In this paper, the feasibility of single-wavelength laser relaxation spectroscopy was verified, and the comparison of multiple identification models was optimized to improve the detection efficiency of the system. A single wavelength light was used as the light source, and a laser controller was utilized to control the current level of the laser, which generated the relaxation procedure. The relaxation spectra of the measured samples were collected. The relaxation spectra were first pretreated using the Min-Max normalization algorithm and combined with different recognition models. The DELM and BP model were developed and optimized by the Sparrow search algorithm. For the BP neural network model, this paper uses the idea of neural network visualization to find the most suitable parameter values by observing the intrinsic relationships of the neural network. A classification model for apple damage detection with different algorithms was conducted to compare the efficiency and accuracy of the different algorithms.

Materials and methods

Experimental materials

Red Fuji apples in the same batch (125 g ±10 g in weight) with a diameter distribution in the 75–85 mm range were utilized in this research. The apples were fresh in bright color with intact skin. They were free from mechanical damage, moths, and decay.

Main instruments and equipment

The experimental equipment includes an MTO-LASER semiconductor laser transmitter (wavelength is 650 nm, and the power is 100 mW). S3000 spectrometer with a USB port, and the slit width is 50 μm). MTAD Fiber-optics probe (operating temperature is −150°C~130°C). A MicroStep MA1–106 constant current laser driver (programmatic or manual adjustment) is utilized. A relaxation spectrum acquisition system is used. In , the apple is placed on the detecting platform, and the laser intensity is varied by adjusting the current to the laser driver. Different intensities of laser light stimulate the relaxation performance of the apples’ inner chemical functional groups, generating an apple’s complete relaxation spectrum. The photosensitive fiber probe is used to collect the diffuse light spectrum, and the spectrum is processed by the spectrometer and collected by the computer.

Figure 1. Single wavelength laser relaxation spectroscopy detection system.

Figure 1. Single wavelength laser relaxation spectroscopy detection system.

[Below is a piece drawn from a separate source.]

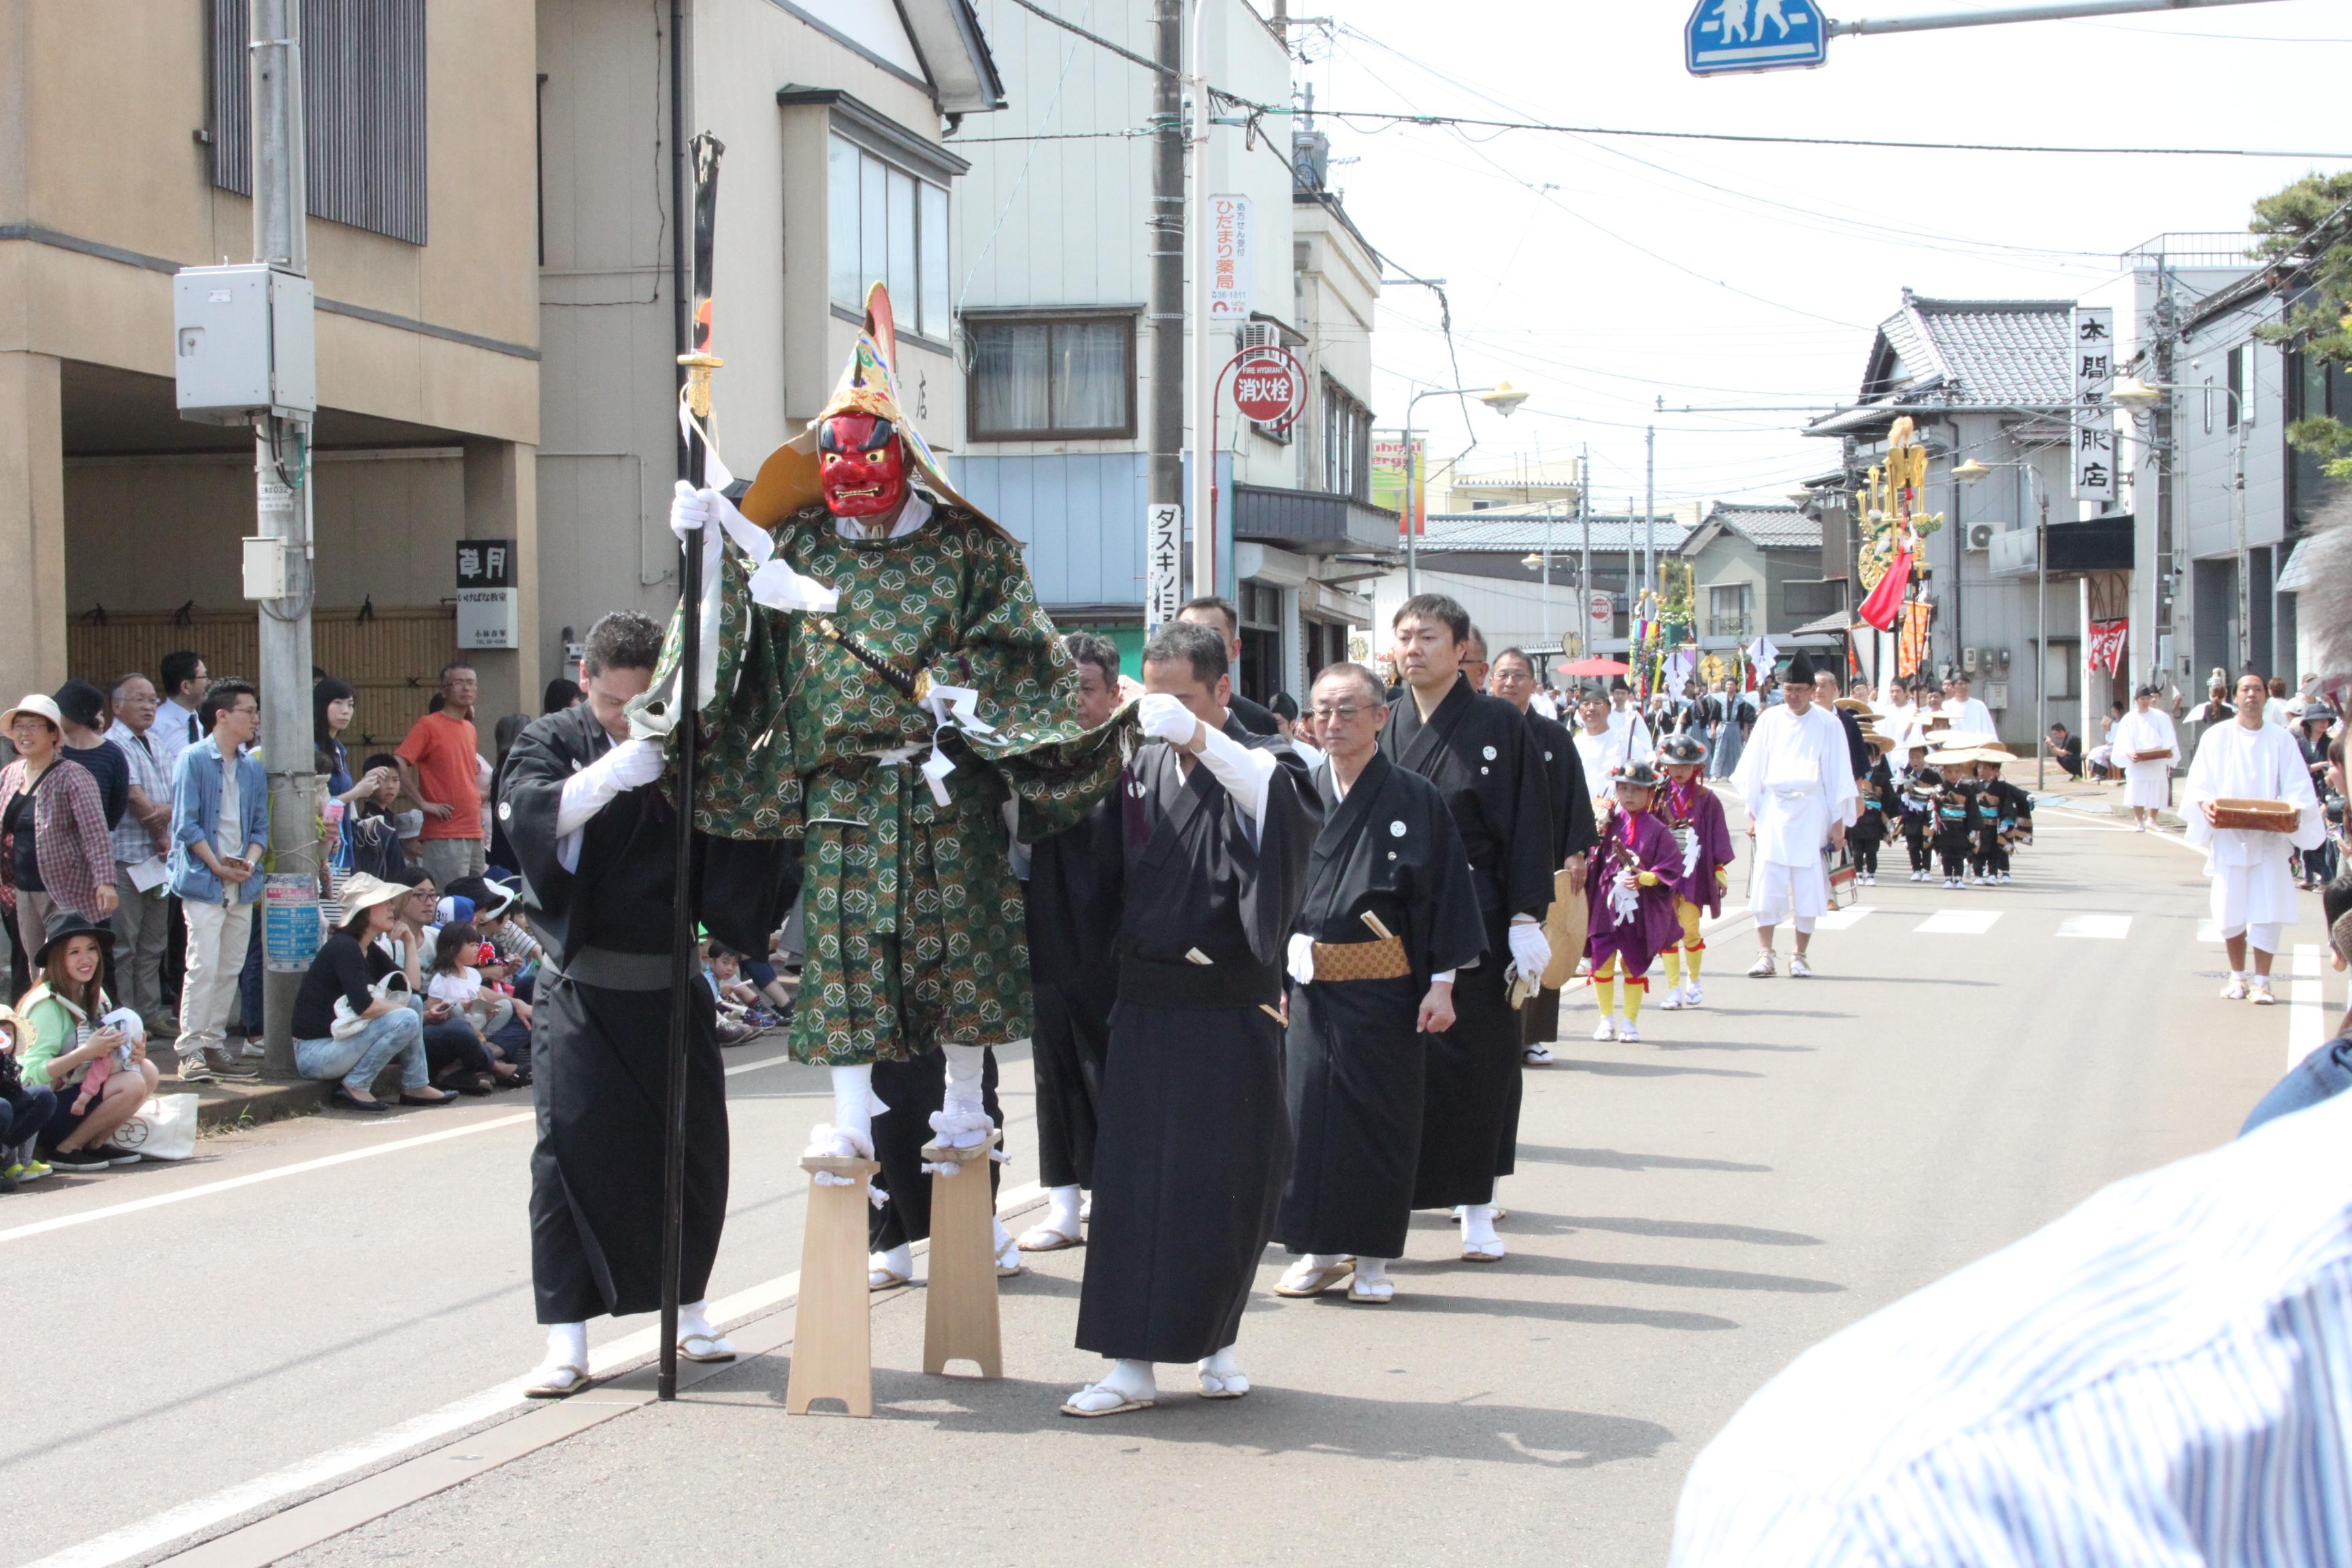 http://tsubamesanjo-jc.or.jp/2015/wp-content/uploads/2015/05/IMG_8810.jpg
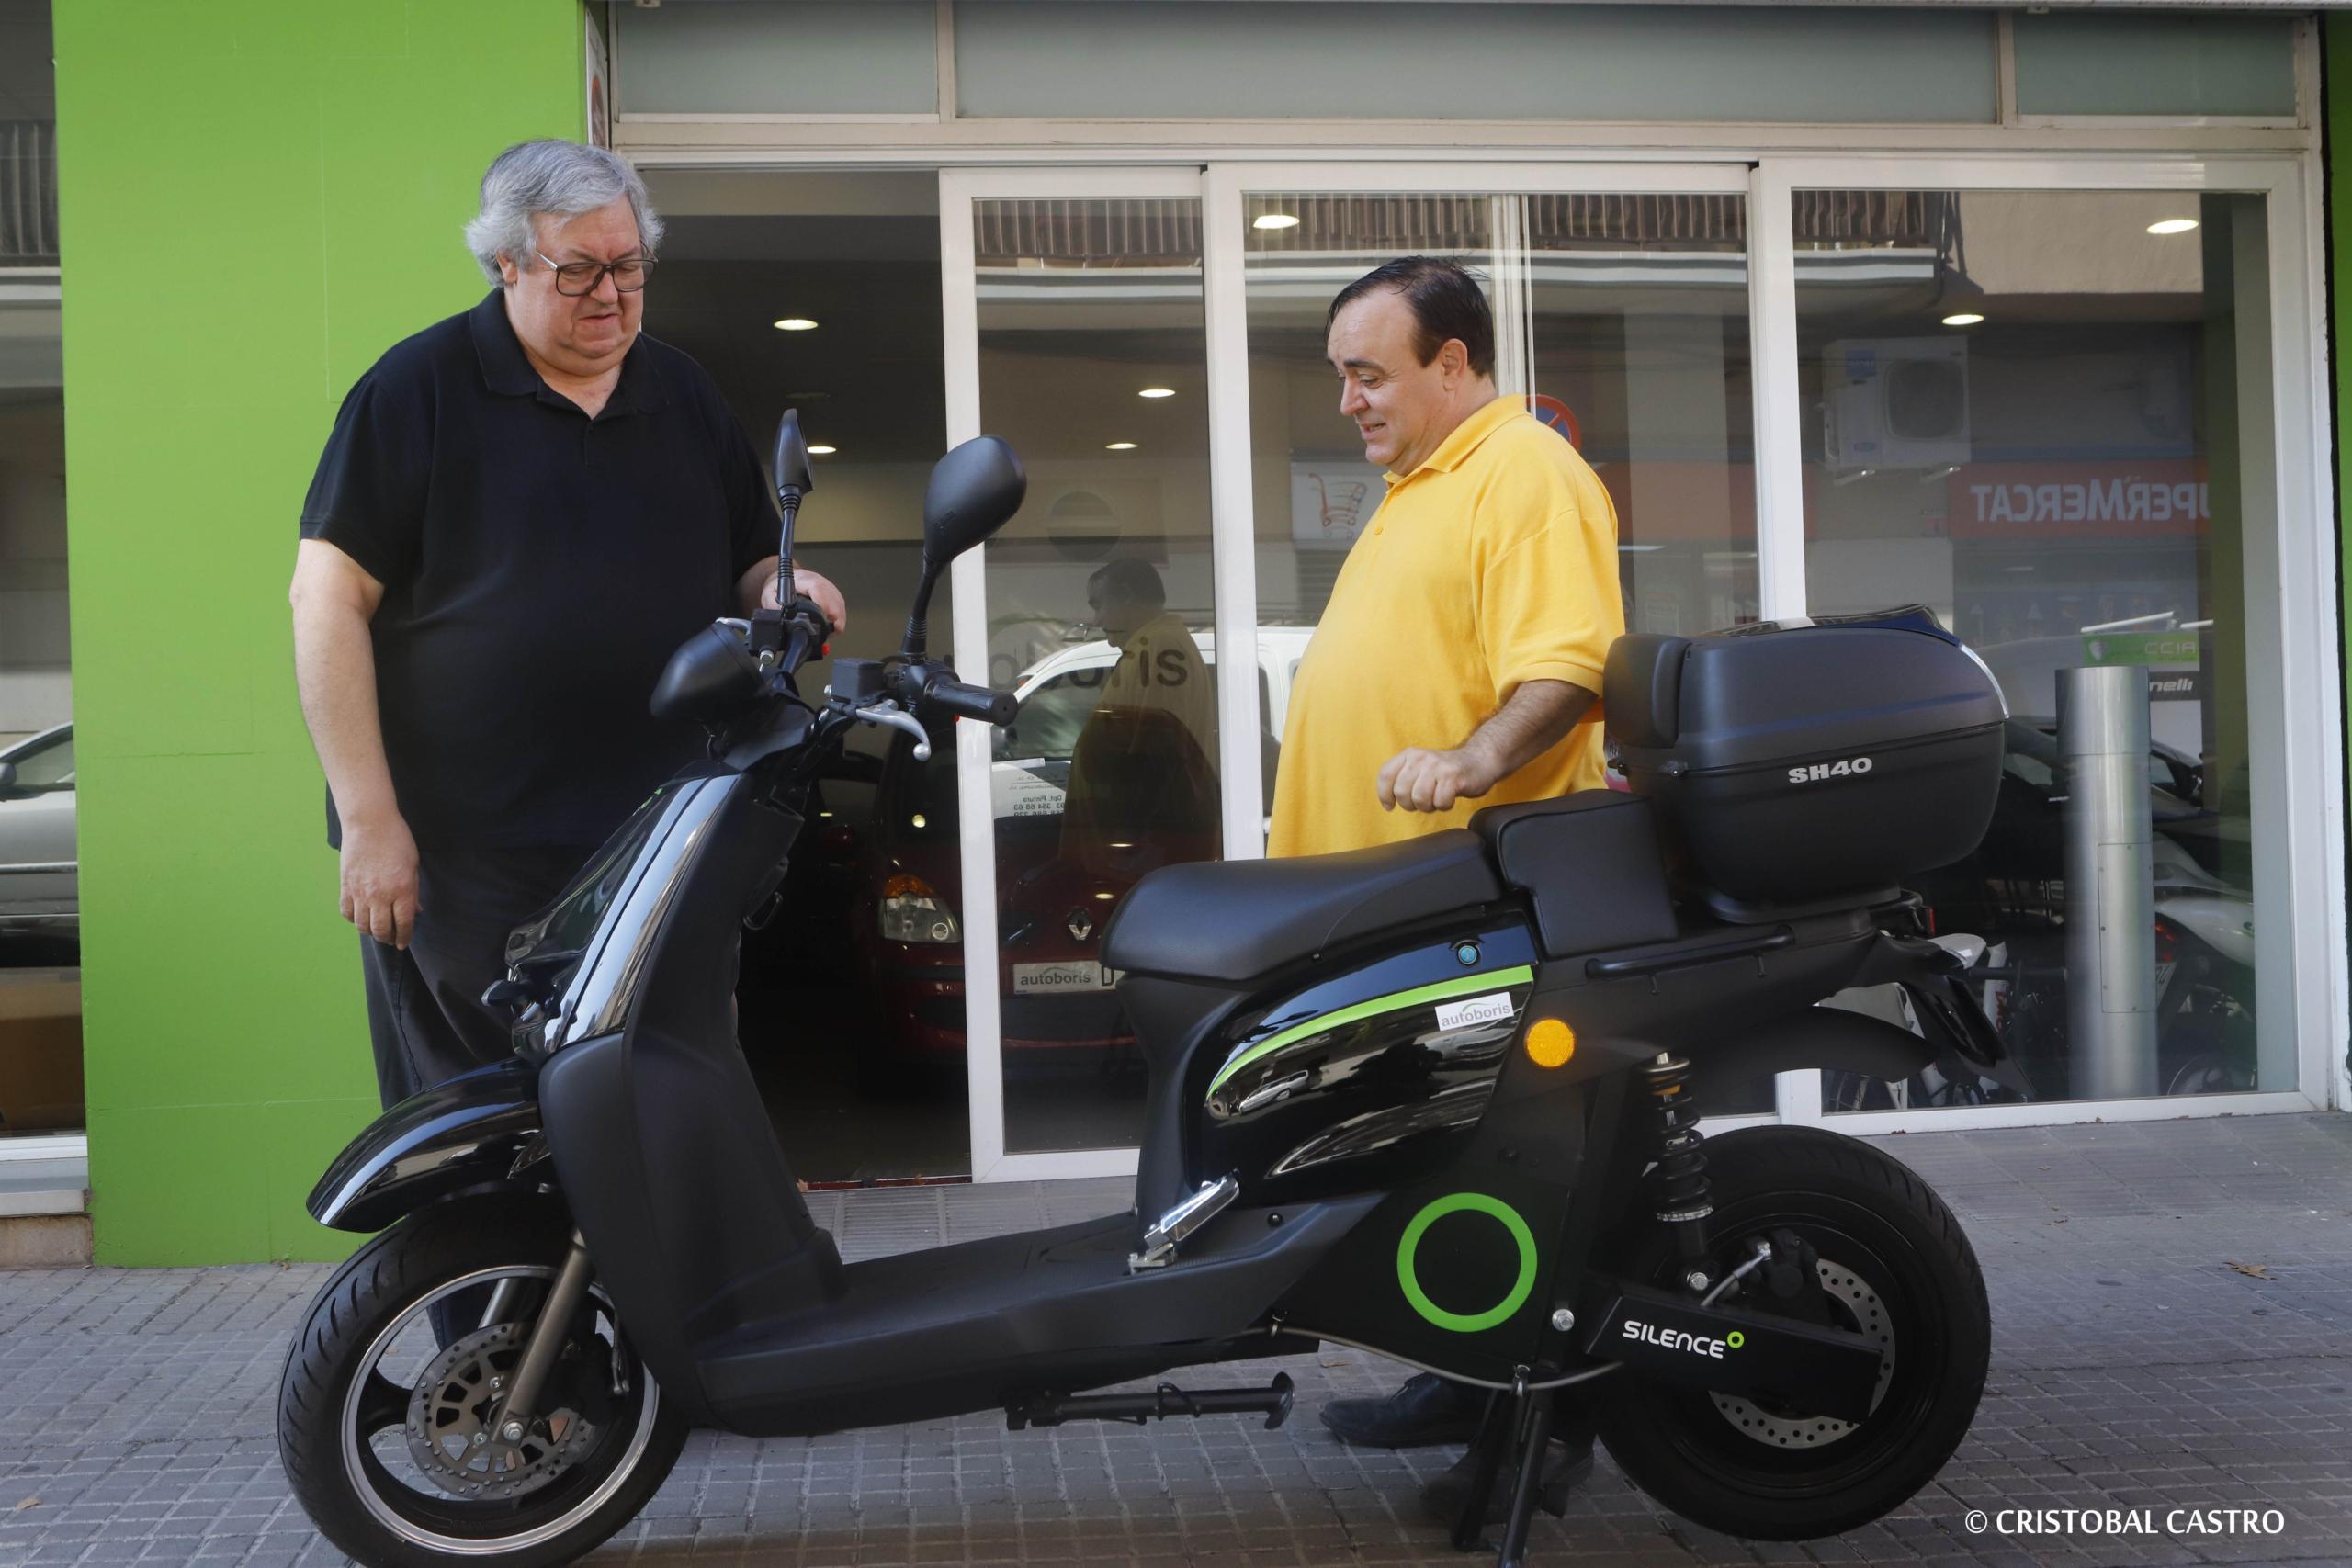 Miquel Baco, de Don Piso, recollint la moto elèctrica a Autoboris Terrassa | Cristóbal Castro

Apple damage spectroscopy collection experiments

From physical aspects, the process from the original equilibrium state to the new equilibrium is called relaxation. Mechanistically, amorphous matter always relaxes to lower energy states when in nonequilibrium, so relaxation behavior is the key to understanding various physical phenomena in amorphous matter. The intensity of the laser is related to the current. The higher the input current is, the stronger the laser intensity. The intensity of the laser is controlled by controlling the current to simulate laser irradiation on the apple’s surface.

This experiment used a self-developed spectral detecting system as the experimental environment. Damaged or undamaged apples were set as a variable during the experiment. A 650 nm laser was always used to irradiate the surface of the apple, and the laser intensity was controlled by tuning the current level to collect the spectral data of the apple in different diffuse reflection states. The collected data were used as the source data for further data processing, classification model development, and testing. The experiment was carried out as follows ():

The skin of the apples was washed carefully with distilled water and cleaned with blotting paper. This operation was repeated twice to ensure that the apple surface was thoroughly cleaned of dust, paraffin, and other substances to reduce interference with the experiment. Then, a random circular area with a 1.2 cm radius was selected on the apple surface and marked. The apple was placed on the iron ring of the stand, ensuring that the selected area faced upward and that the center of the selected area was used as the sampling point. The light-sensitive fiber probe was set and faced the sampling point, ensuring that it fitted snugly and had no damage to apple skin. The laser current was first set to 0 A using the laser driver. Then, the laser driver was switched on and adjusted to the required current level, and the laser incidence position was manually adjusted. The spot could be chosen on the circumference of one 1.0 cm circle from the sampling point. Once the position was adjusted, a light shield was placed over the iron stand to create a dark environment and prevent interference with the experimental environment from external light sources.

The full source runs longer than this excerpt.